Medical scheme benefits seem to be shrinking every year, unlike medical scheme contributions. It’s tough to pay high premiums every month and still have to foot the bill for your doctor’s visit. 

Here are things you need to know about medical savings accounts (MSA), how to stretch them, and what to do if they’re empty.

What are MSAs?

These are funds made available to you upfront – usually from January, which is the start of the benefit year for most people – to spend on day-to-day expenses, such as GP visits, specialist fees, or any other expenses as stipulated in your benefit option.

Read the benefits – wherever it says ‘subject to availability of funds in your MSA’, this is where payments come from. These can be anything from 15 – 25% of your contribution if you have a full medical scheme. Hospital plans don’t have MSAs.

Have MSAs always been part of medical schemes?

No. They were introduced about 15 years ago on many schemes, partially in an effort to reduce claims expenditure in response to sharp claims increases. Before the days of MSAs, many schemes did not limit day-to-day expenditure.

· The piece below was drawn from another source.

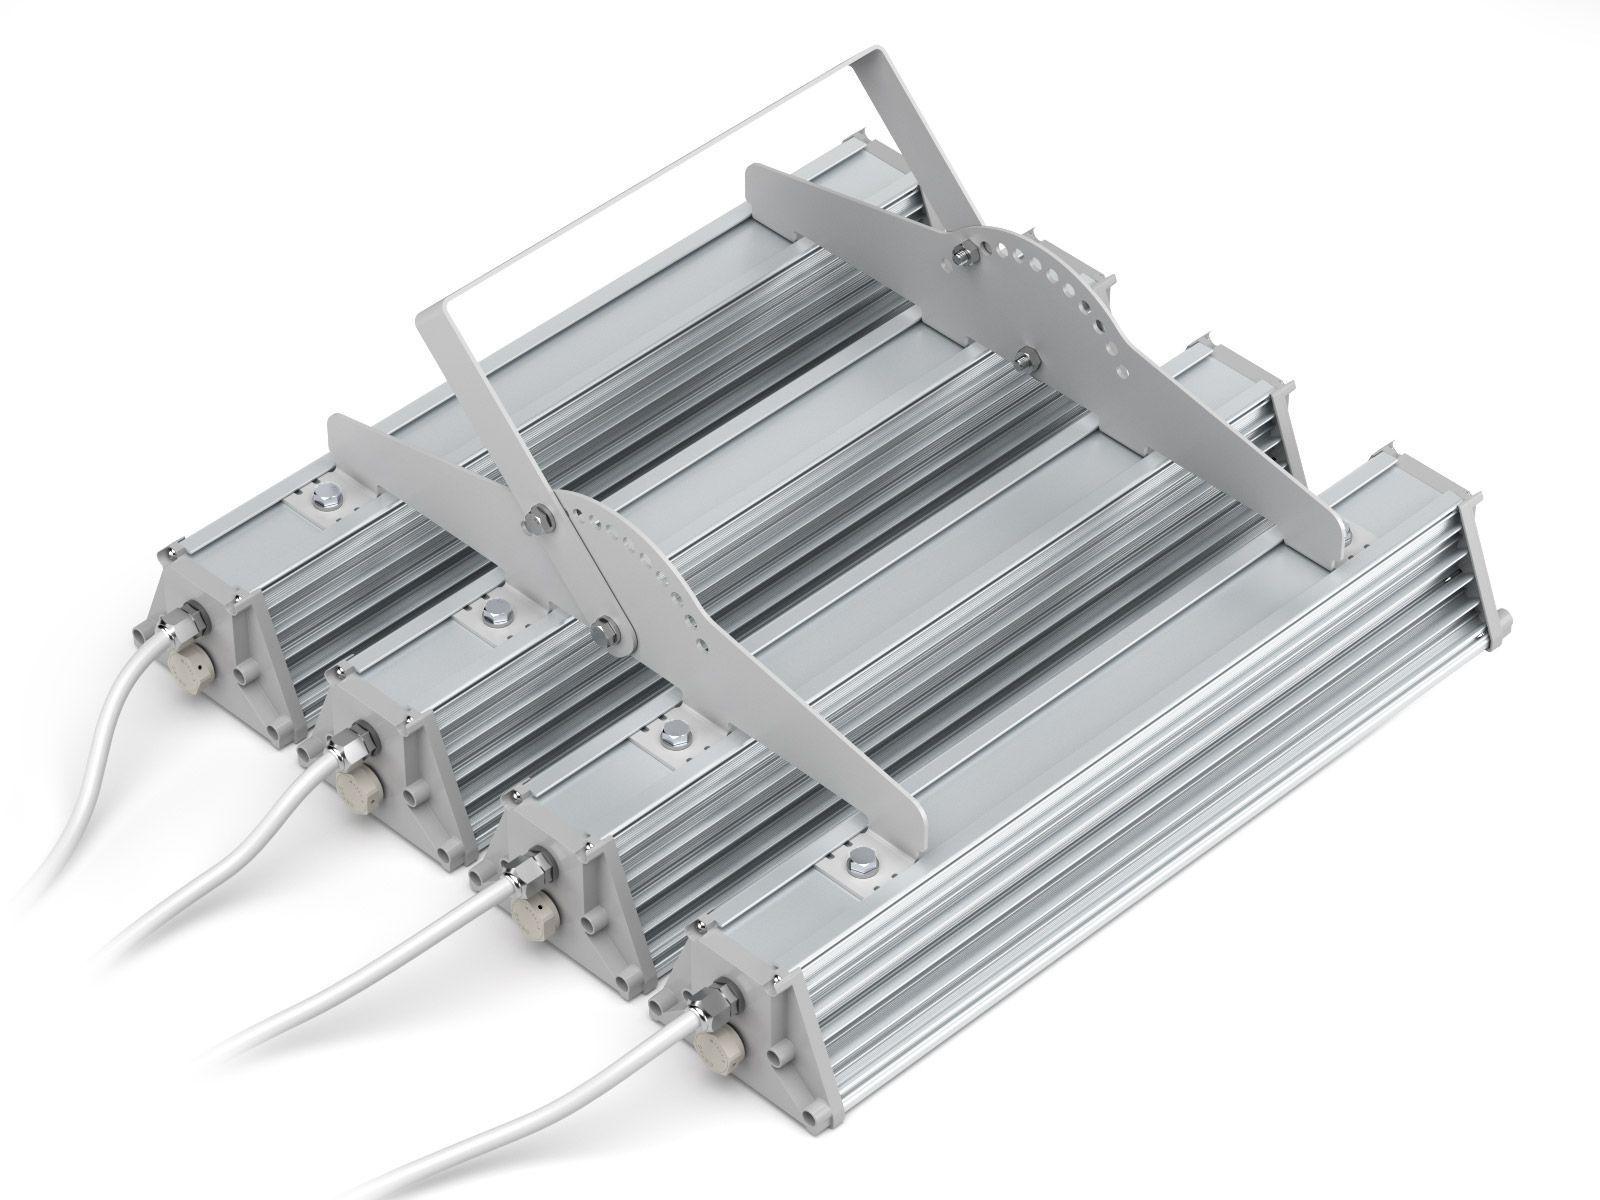 Объединяющая планка на 4 светильника с ухом регулировки

Check your benefit schedule – some schemes will still pay for certain costs, such as mammograms, or basic dentistry, even if your MSA is depleted.

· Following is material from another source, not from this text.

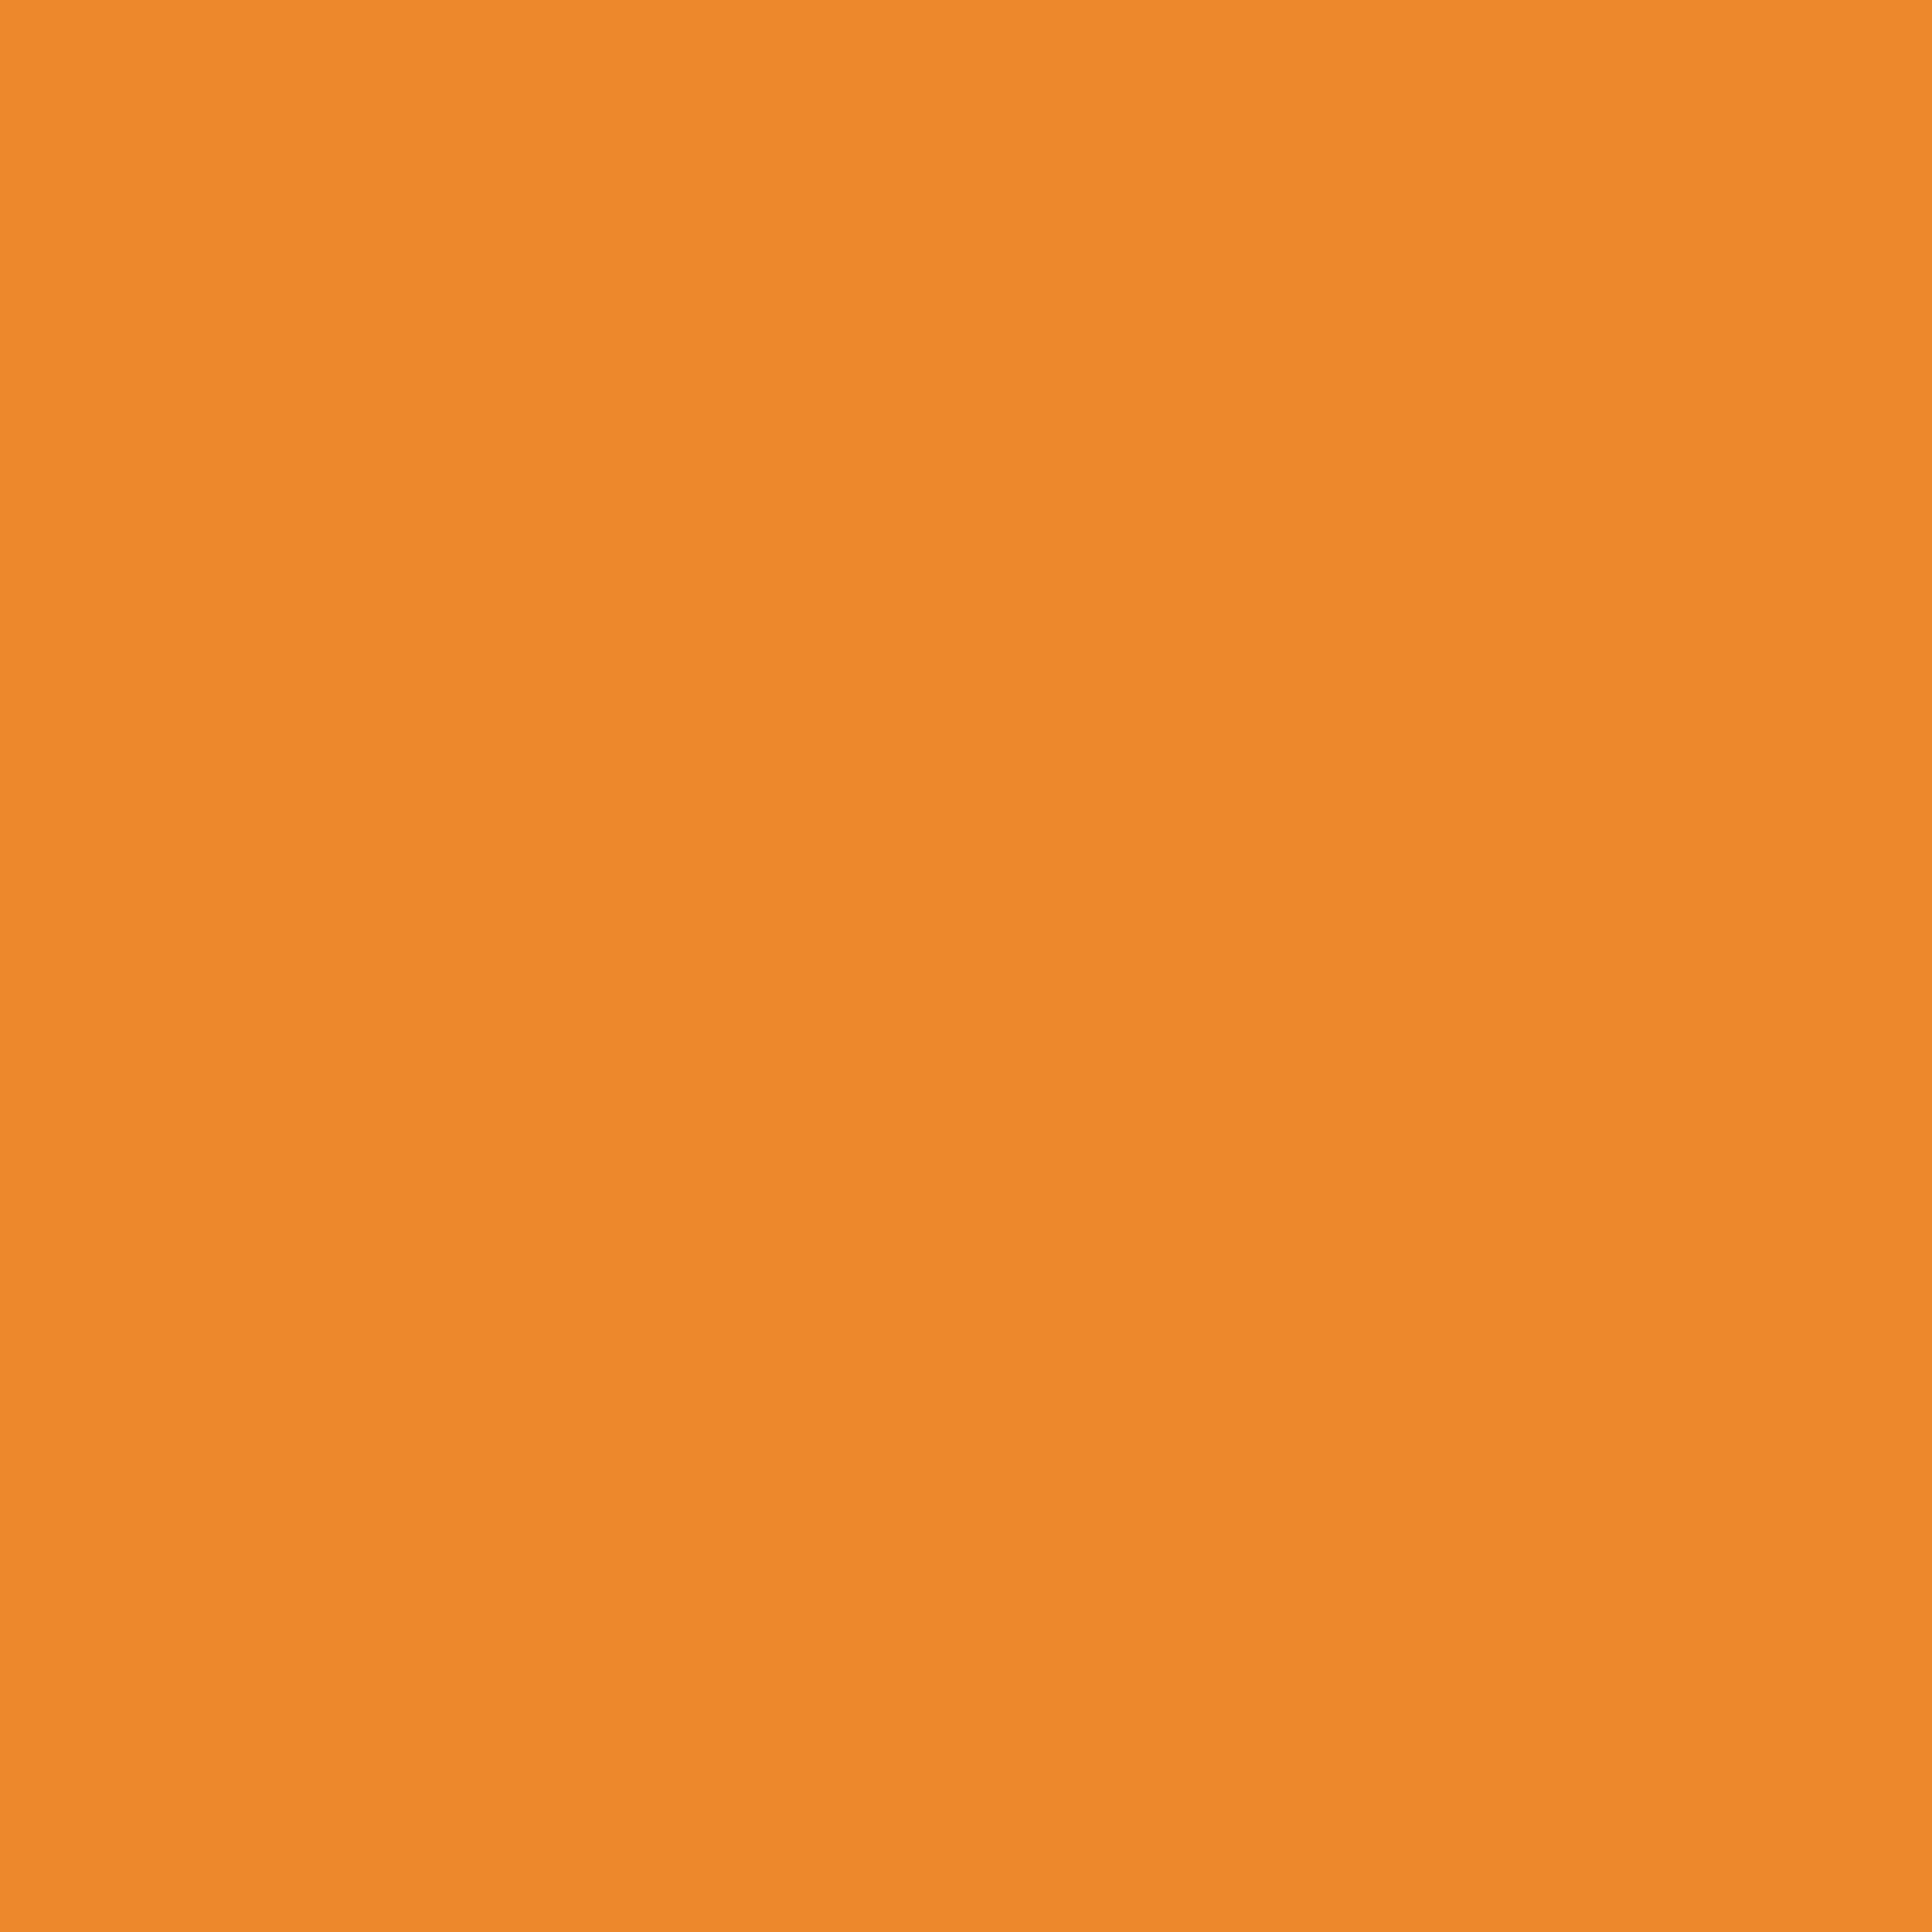 2732x2732 Cadmium Orange Solid Color Background

Whose money is the cash in the MSA?

It belongs to the member, but cannot be withdrawn in cash. It can only be used to pay specified medical expenses, and if there is money left over in the MSA at the end of the year, it is carried over to your account for the next year. You will only be paid out in cash after four months if you resign from the scheme with a positive balance in this account.

Can I spend it all in January?

Yes, you can. Obviously it is not advisable and should not be done if it can be avoided at all, as you will have very little day-to-day cover for the rest of the year.

But between a nasty flu, a small sports injury, a visit to the gynaecologist, a new pair of glasses, and some once-off acute medication for an ailment, it is easy to watch your MSA dwindle to nothing.

Does this mean I have no cover at all?

No, you are still covered for chronic medication (26 conditions) and hospitalisation costs. But stuff like GPs and physiotherapists and antibiotics for a lung infection will have to be paid for by you until the new benefit year kicks in. Check your benefit schedule – some schemes will still pay for certain costs, such as mammograms or basic dentistry; even if your MSA is depleted. It differs from scheme to scheme and option to option.

Must I carry on submitting claims even if my MSA is depleted?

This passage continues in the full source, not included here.